[DATA SECTION]
※ ※ ※

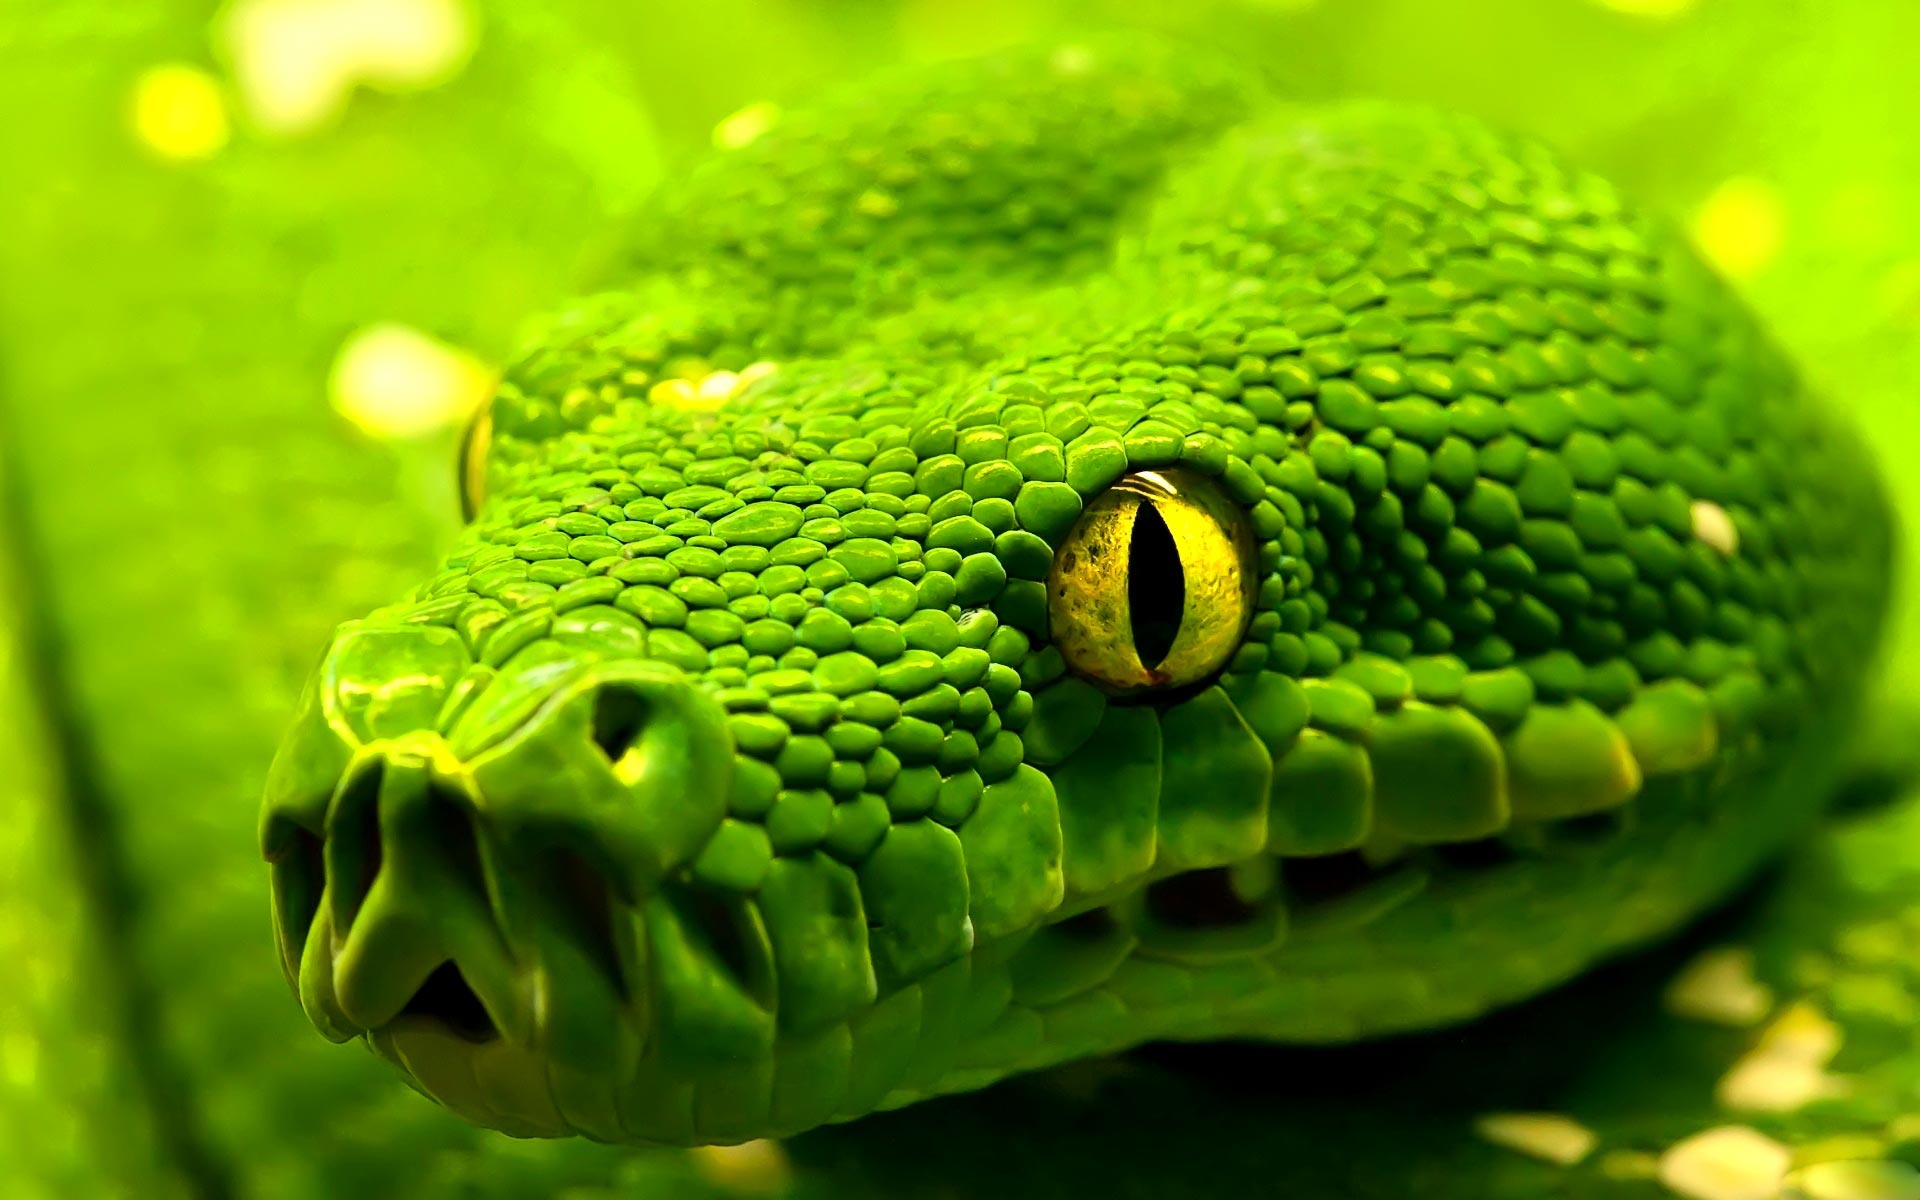 Green snake photo
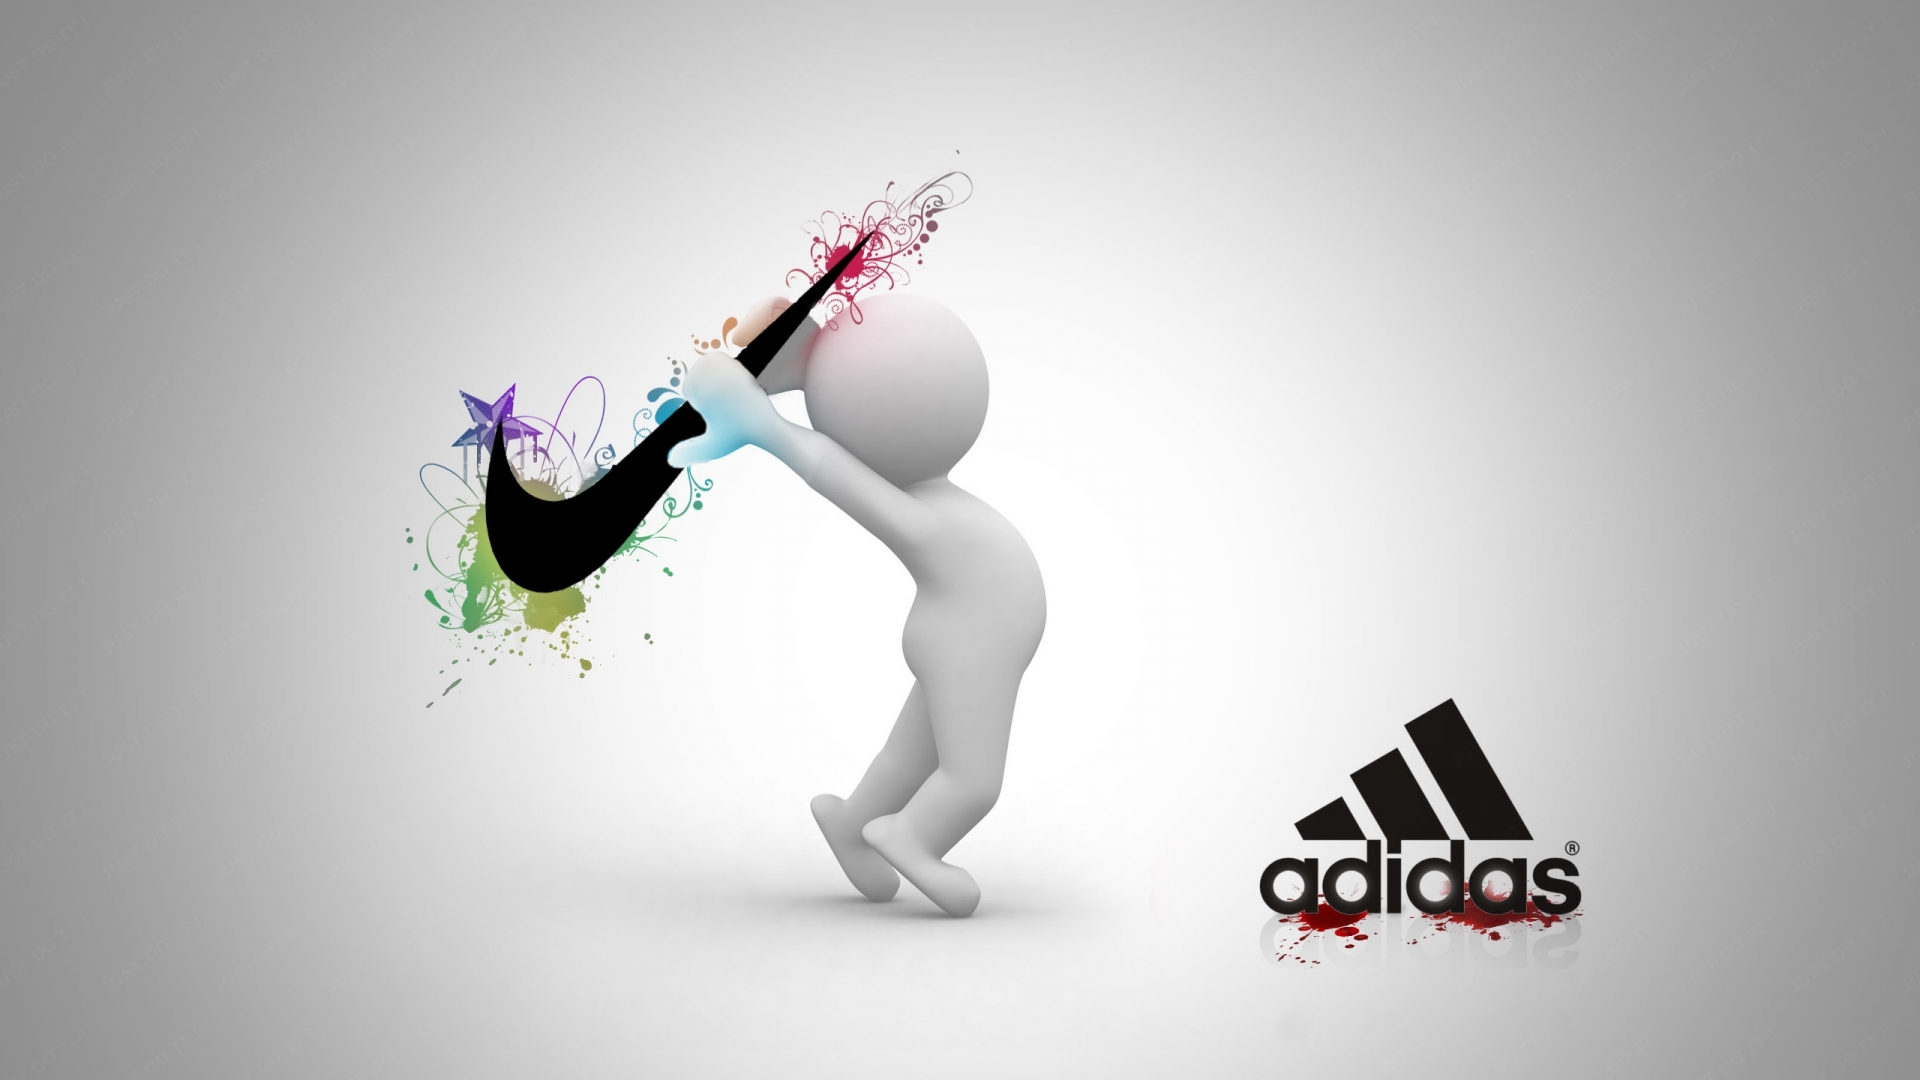 nike-vs-adidas-images-wallpaper
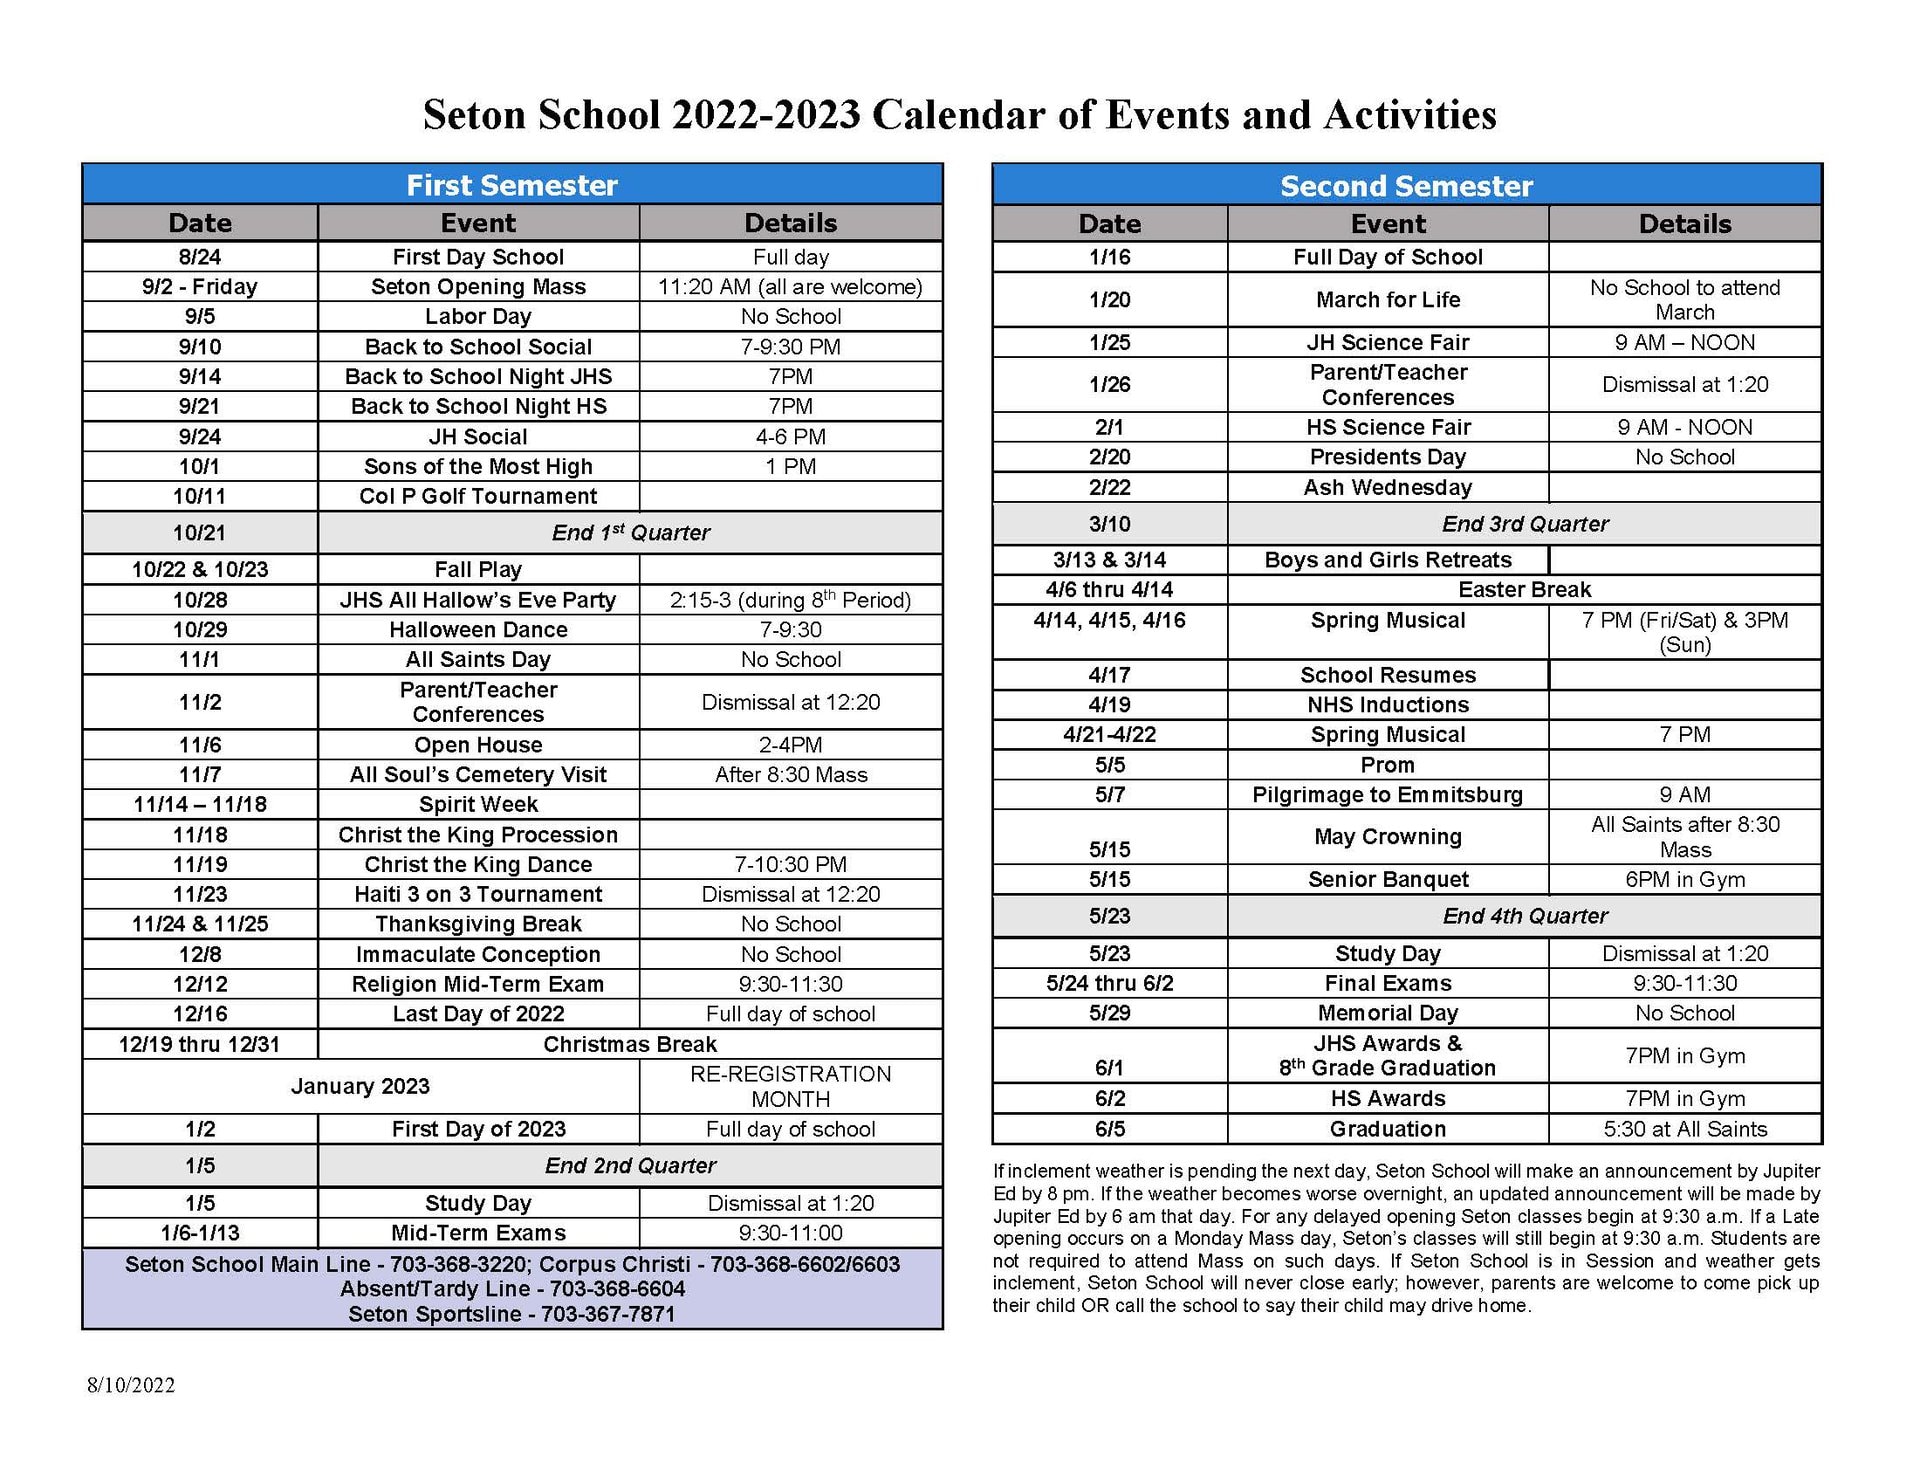 20222023 Seton School Calendar of Events and Activities Seton School

※ ※ ※

[WHAT TO PRODUCE]
For this copy, leave pictures out and reproduce the lines from the one bearing "nike-vs-adidas-images-wallpaper" through the final line of the listing above, both ends included.

[RESPONSE AREA]
 nike-vs-adidas-images-wallpaper
 20222023 Seton School Calendar of Events and Activities Seton School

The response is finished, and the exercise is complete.